One of the most refreshing talks of the day came from Iulia Feroli. Titled How I built my own intelligent Robot Arm from Scratch – her practical take on applying servo motors, Arduinos, Raspberry Pis, and documenting her trials and errors on her YouTube channel – at first glance seemed AI-adjacent. However, given the increasingly symbiotic relationship between robotics and AI, using the two in tandem – messy though it might appear – is a crucial part of the learning curve, she explained. And while that’s the opposite of how most AI is being marketed, it’s arguably much closer to how it actually works.

If Nikki’s keynote was about people, Jeff Watkins’ closing talk was about perception. Titled Descartes’ Daughter: How We Taught Machines to Feel (and Why We Believed Them), his core argument was that we humanise or ‘anthropomorphise’ AI. We speak and interact with it as if it were human, even though we know ‘it’s not real”.

However, the key distinction he made was that although modern LLMs are emotionally fluent, conversationally natural, and performatively intelligent, they simulate understanding. As humans, we often confuse performance with comprehension – which can have some morally questionable consequences, he reasoned. Interaction can lead to influence, and influence can morph into potential manipulation.

Affirmative Action

Throughout the day, the need for robust guardrails around this accelerating area of technology was referenced. And each time, the conclusion was consistent: the responsibility doesn’t sit with the technology – it sits with us.

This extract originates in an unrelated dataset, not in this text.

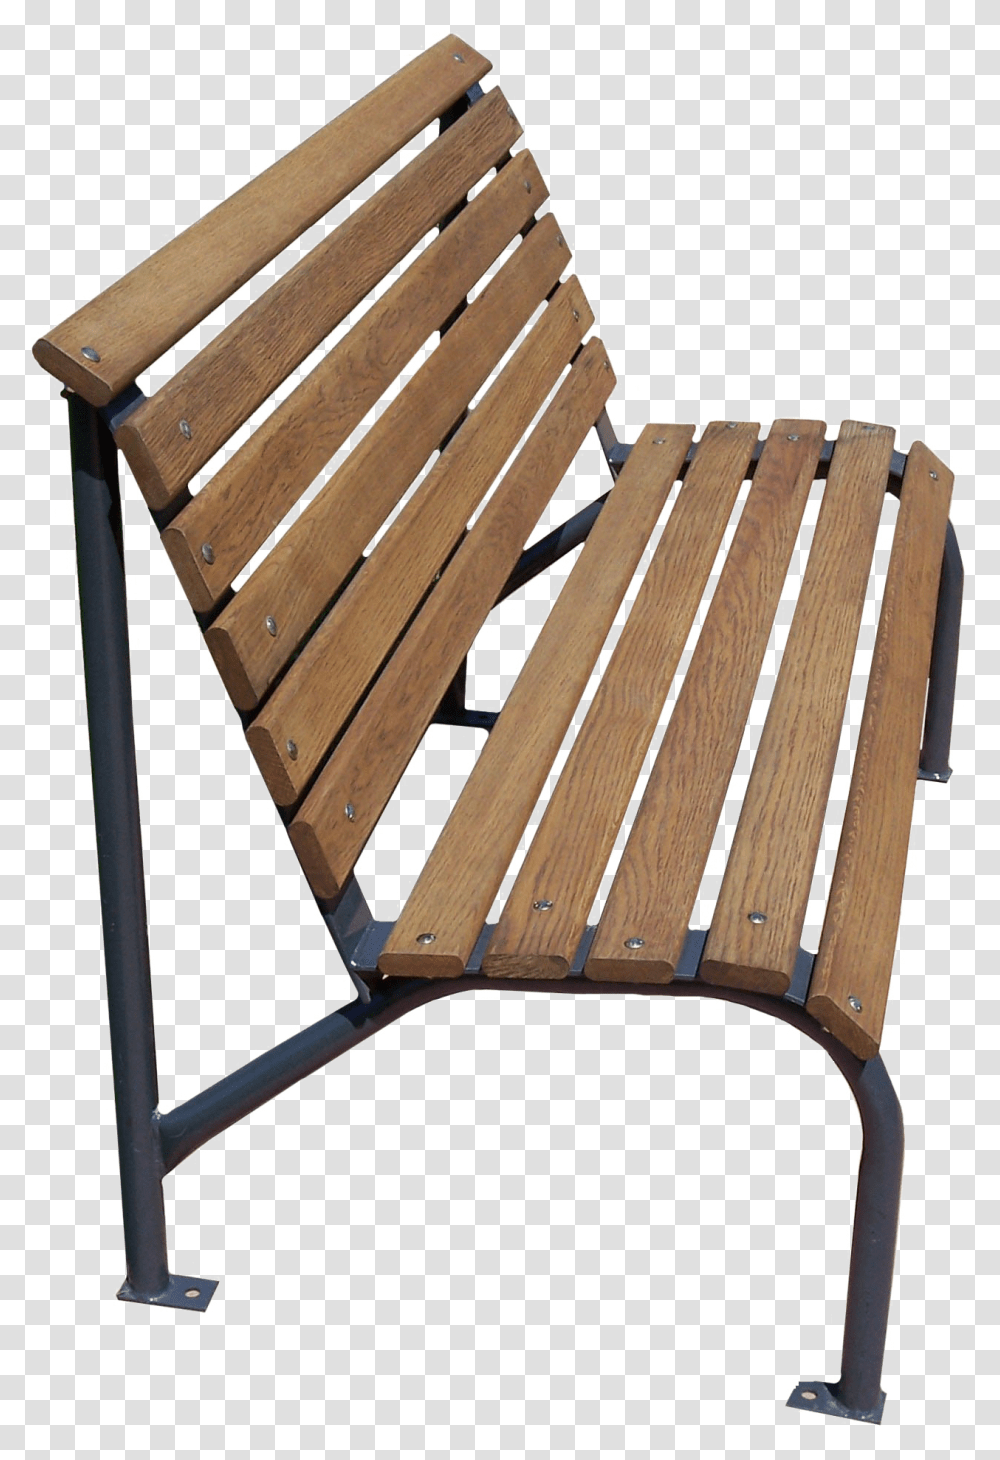 Park Bench Free Download Bench, Furniture, Chair Transparent Png

This is a responsibility that many developers I spoke to take very seriously indeed. If they are tasked with building systems that none of us fully understand, and they have concerns about what the impact will be, they need to feel empowered to raise these ethical questions; which means we all need to feel comfortable asking questions – without a sense of ‘digital shame.’

It’s this willingness to engage in broader discussions around responsibility as well as capability, that for me made this conference distinctive. Though my expectation was for a tech-heavy cacophony of coding, the fact everything was couched in contemporary issues facing us here and now made the Dutch AI Conference all the more credible and insightful.

One of the most talked-about attractions was Aurora: a Unitree G1 humanoid robot roaming the venue, interacting with delegates. For some, it triggered the familiar unease of the uncanny valley. For others, it was irresistible: selfies, handshakes, even hugs. Which, in hindsight, proved Jeff Watkins’ point better than any slide could.

In short, this conference wasn’t just showcasing what AI can do. It was about exposing the gap between what AI is and how we experience it. And the right questions were being asked: How do we actually adopt this stuff? What are we building? Where do we draw the ethical lines? And how do we stay human in the process?

If this is where the conversation starts, then the next few years of this conference, and this industry, are going to be very interesting indeed.